Про/чтение - Юзеф Чапский
Когда Гостовец пишет о том, что все мы, если вдуматься, руководствуемся критериями Мопассана, потому что каждый живет ради секунд или минут впечатлений, которые мы не в силах четко описать, о которых мы рассказываем осторожно, боясь спугнуть, или вовсе молчим, он намекает на тайный смысл собственного существования. И возможно, он, как и Мопассан, не осознает, что умеет передать нам такие секунды.
Разве может писатель дать читателю больше?
1961
О Хаупте
Прежде, чем меня подхватила паника,
бросая об стены мира, как пьяницу…
Зигмунт Хаупт. «Бумажный перстень»
Очередность значимости. Что может быть более очевидным, определенным, если речь идет о других, которых так легко упрекнуть в непоследовательности, неверности той или иной «железной» иерархии. Но достаточно применить эти требования к себе, и мы часто замечаем не только отклонения, но и зыбкость, переменчивость, условность нашей иерархии важных вещей. Она вдруг меняется, смещается по мере усиления тех или иных слоев переживаний, глубоких чувств или причуд. Как оценить, как определить, когда мы остаемся верны, а когда изменяем себе?
На это откровение натолкнула меня необычайная книга – «Бумажный перстень»[388] Зигмунта Хаупта. Она с новой силой дала мне понять, как чей-то самобытный взгляд на мир может отменить, смести нашу установившуюся иерархию, напомнить нам, что среди «мышьей беготни» пролетающих дней мы забыли о единственно важной очередности вещей и явлений.
Не имея ни амбиций, ни квалификации литературного критика, я хотел бы не столько написать о «Бумажном перстне», сколько набросать вокруг этой книги – с благодарностью – фрагменты мыслей и воспоминаний, вызванных Хауптом.
Отец, уставший от постоянных новых планов, идей и выходок своих семерых детей, говорил нам за год до смерти: «Ладно, ладно, но с меня уже хватит сюрпризов».
С возрастом мы перестаем верить, что нам все еще уготованы неожиданности. Нам кажется, что мы (для себя) уже точно знаем, что хорошо, что плохо, а остальное нас не касается, нет больше сил заново рождаться и умирать.
…ja ustała
woskresat' i umirat' i żit'… —
пишет Ахматова в одном из своих последних стихотворений. А ведь подлинное переживание – это всегда неожиданность, встреча с невероятным, которое заставляет нас в чем-то начать с начала. Этими моментами мы живем.
Сезанн, говоря, что художник должен видеть природу так, «словно никто до него ее не видел», был уже стар и близок к смерти.

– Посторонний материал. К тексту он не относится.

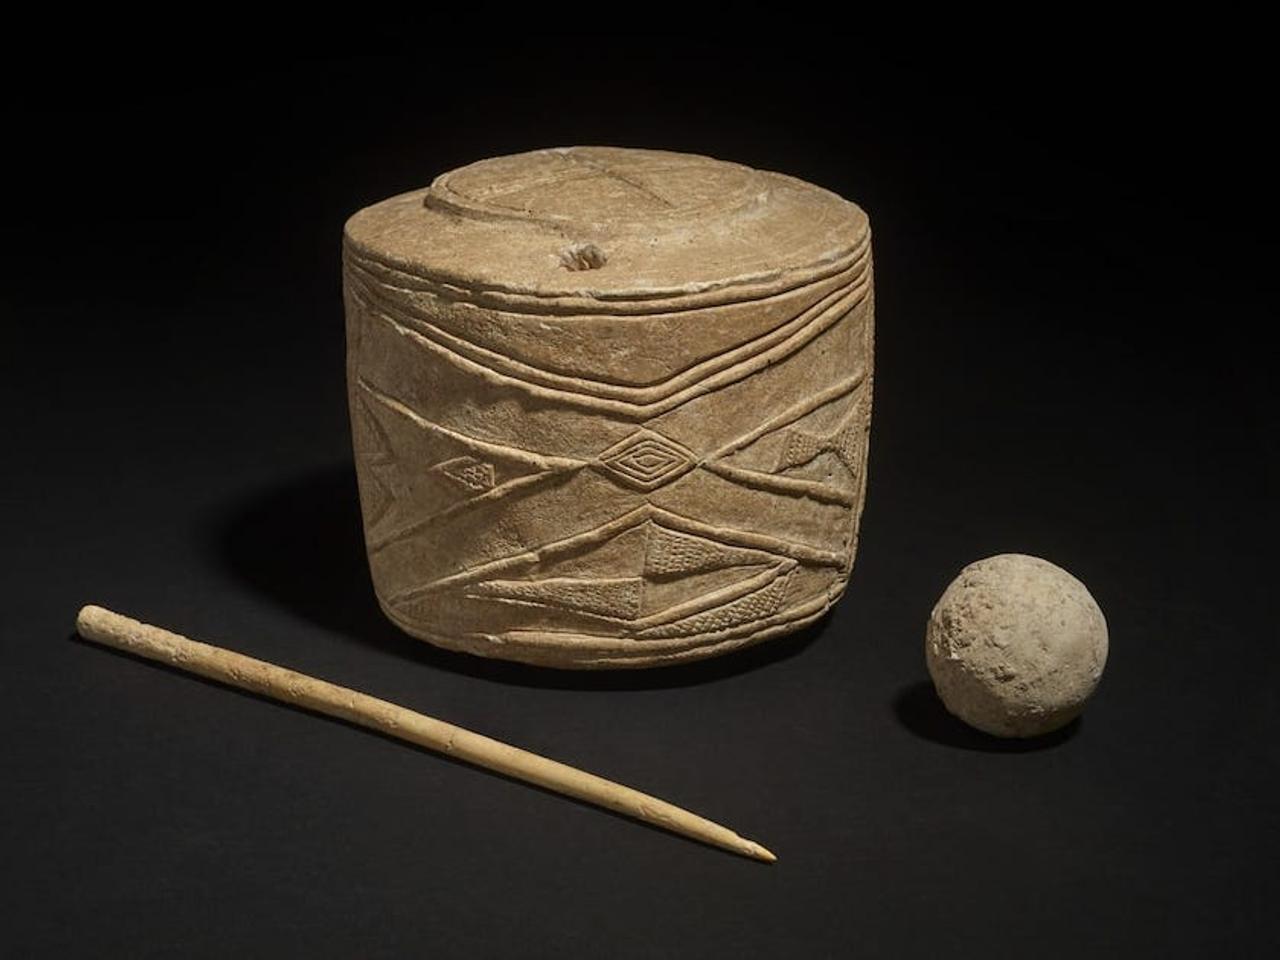 バートンアグネスから出土した石灰岩でできた太鼓と球体、骨でできたかんざし。

Каждый его выход на пленэр, каждый написанный им натюрморт были для него неожиданностью, озарением. За месяц до смерти он писал сыну:
Здесь, на берегу реки, мотивы множатся, одна и та же тема, увиденная под разным углом, многообразна и представляет огромный интерес (du plus puissant intérêt). Мне кажется, я мог бы работать над ними месяцами, не сходя с места, а только наклоняясь то вправо, то влево.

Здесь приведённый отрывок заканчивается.